Verschärft würden die negativen Folgen, wenn zusätzlich zum Preisdeckel auch noch eine „Übergewinn“-Steuer oder neuerdings „Zufallsgewinn“-Abgabe für jene Energieerzeuger eingeführt würde, die bei den aktuellen Strom-, Gas- oder Ölpreisen überdurchschnittlich hohe Gewinne einfahren. Unabhängig davon, dass sich solche Windfall Profits schwer messen lassen und voraussichtlich eher von fiskalischen Begehrlichkeiten definiert werden, schadet eine Unterscheidung in „gute“ geplante und „schlechte“ zufällige Gewinne dem Investitionsstandort. Bestraft würden jene Unternehmen, die vorausschauend rechtzeitig auf erneuerbare Energien mit niedrigen variablen Kosten gesetzt haben und nun die Marge zur Verzinsung ihrer bisherigen Investitionen benötigen beziehungsweise als Kapitalstock für weitere Investitionen.
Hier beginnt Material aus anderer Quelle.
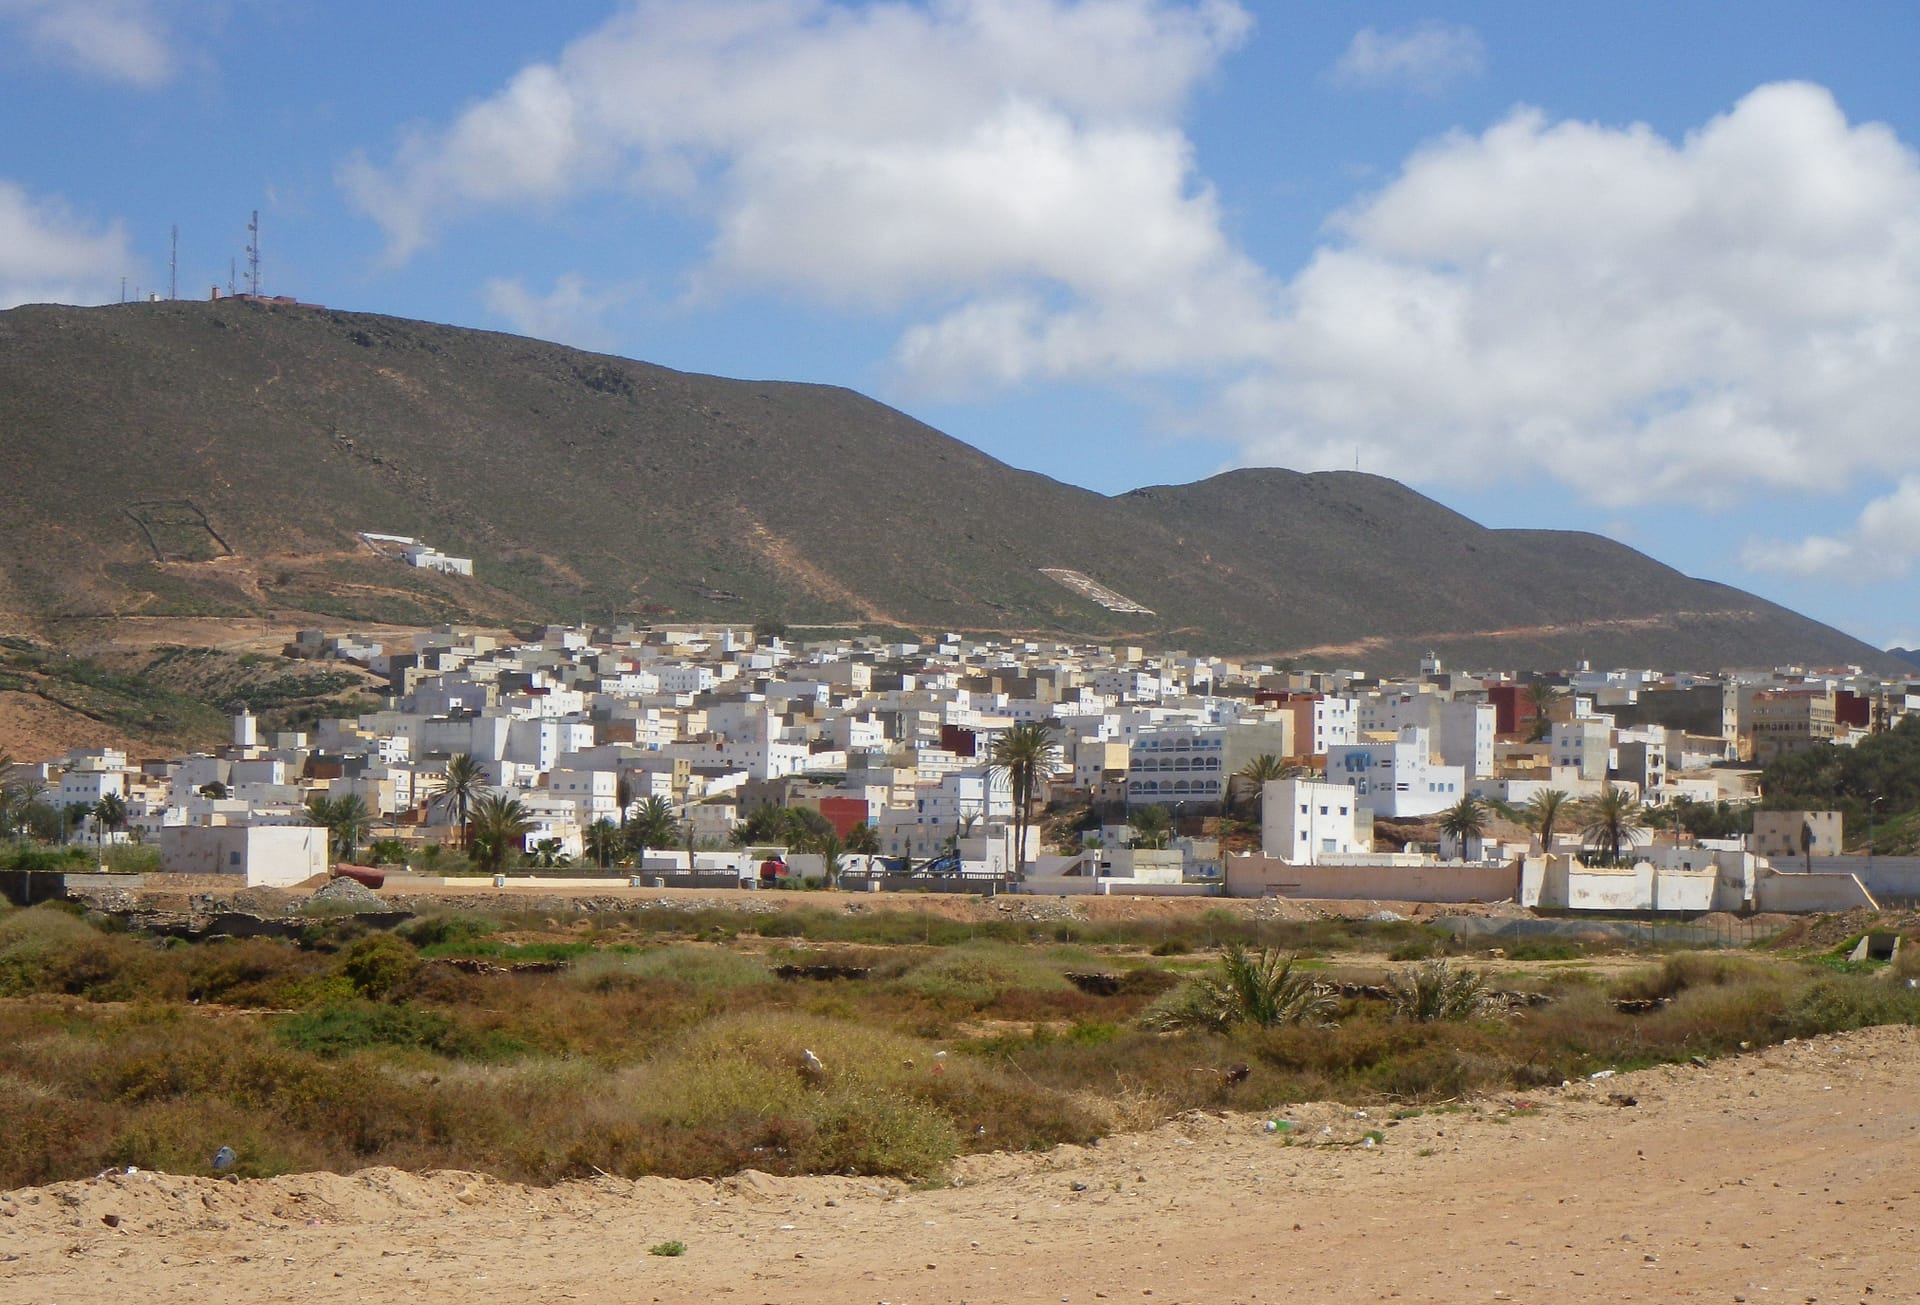 La lunga spiaggia di Sidi Ifni sotto spettacolari scogliere, invita a passeggiate al tramonto o all'alba.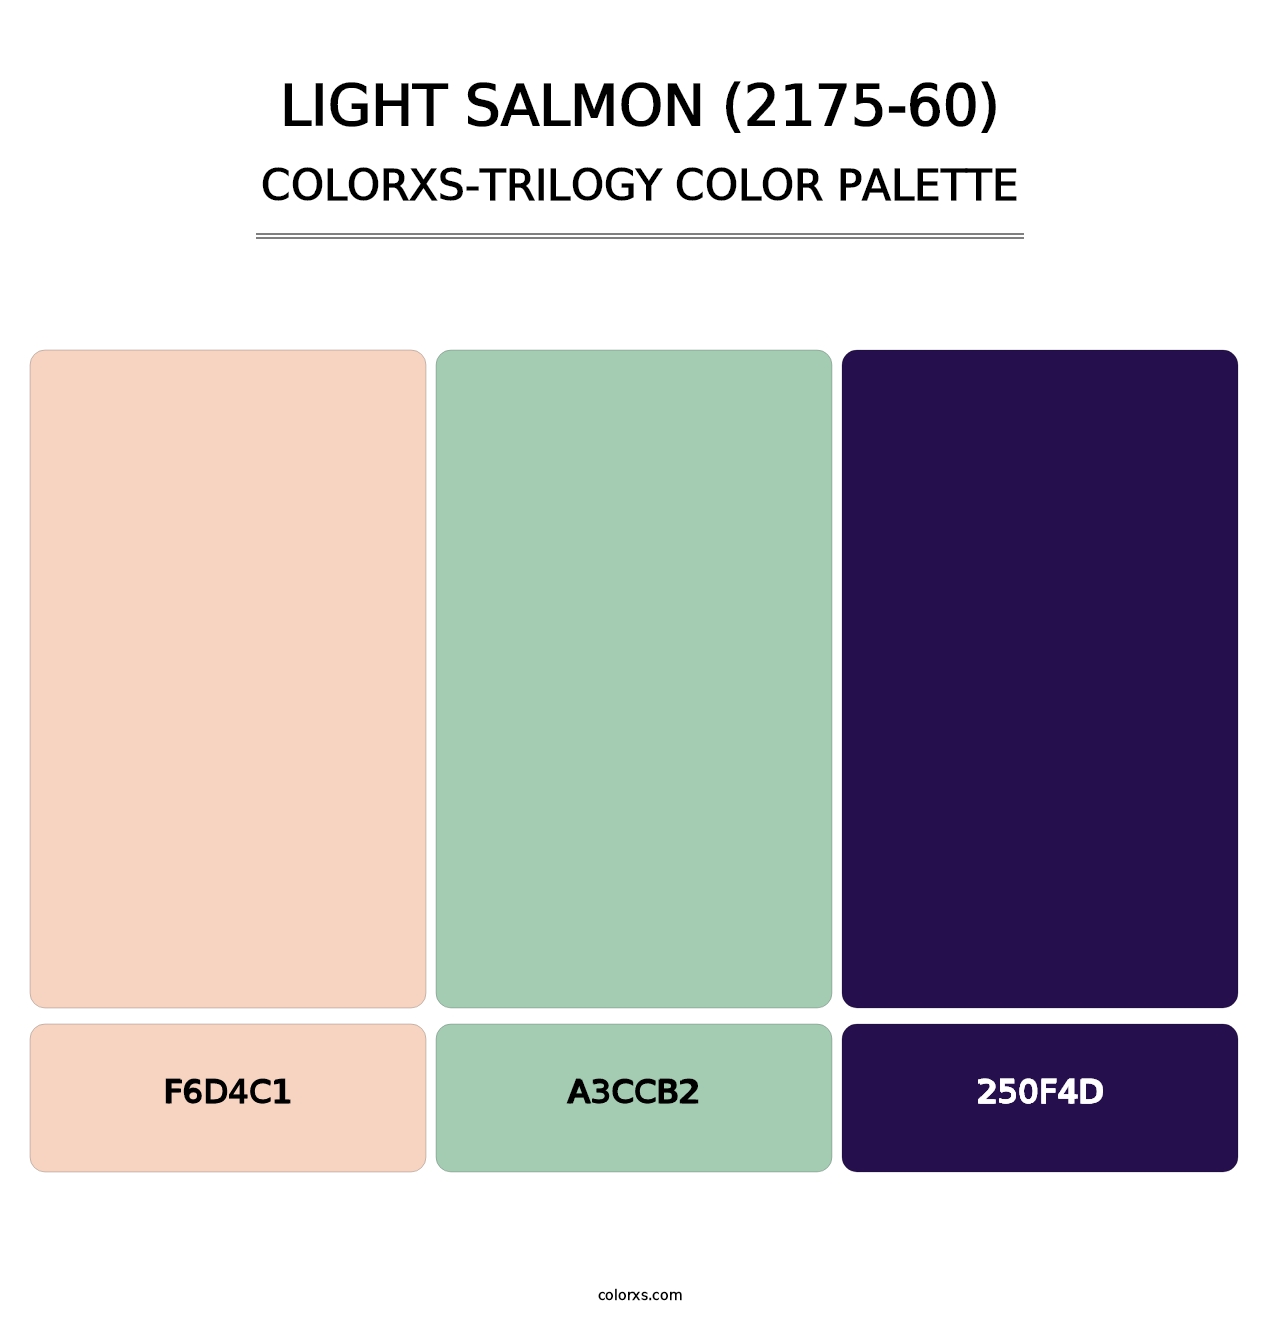 Light Salmon (2175-60) - Colorxs Trilogy Palette

Soll die Politik tatenlos zusehen, wie explodierende Energiepreise Deutschland deindustrialisieren und die Verbraucher verarmen? Gewiss nicht. Aber ansetzen sollten die Hilfen der Politik direkt bei den am stärksten betroffenen und in ihrer Existenz bedrohten Unternehmen. Hilfen mit der Gießkanne oder Eingriffe in den Markt und die Preisbildung sind ineffizient und selten zielführend.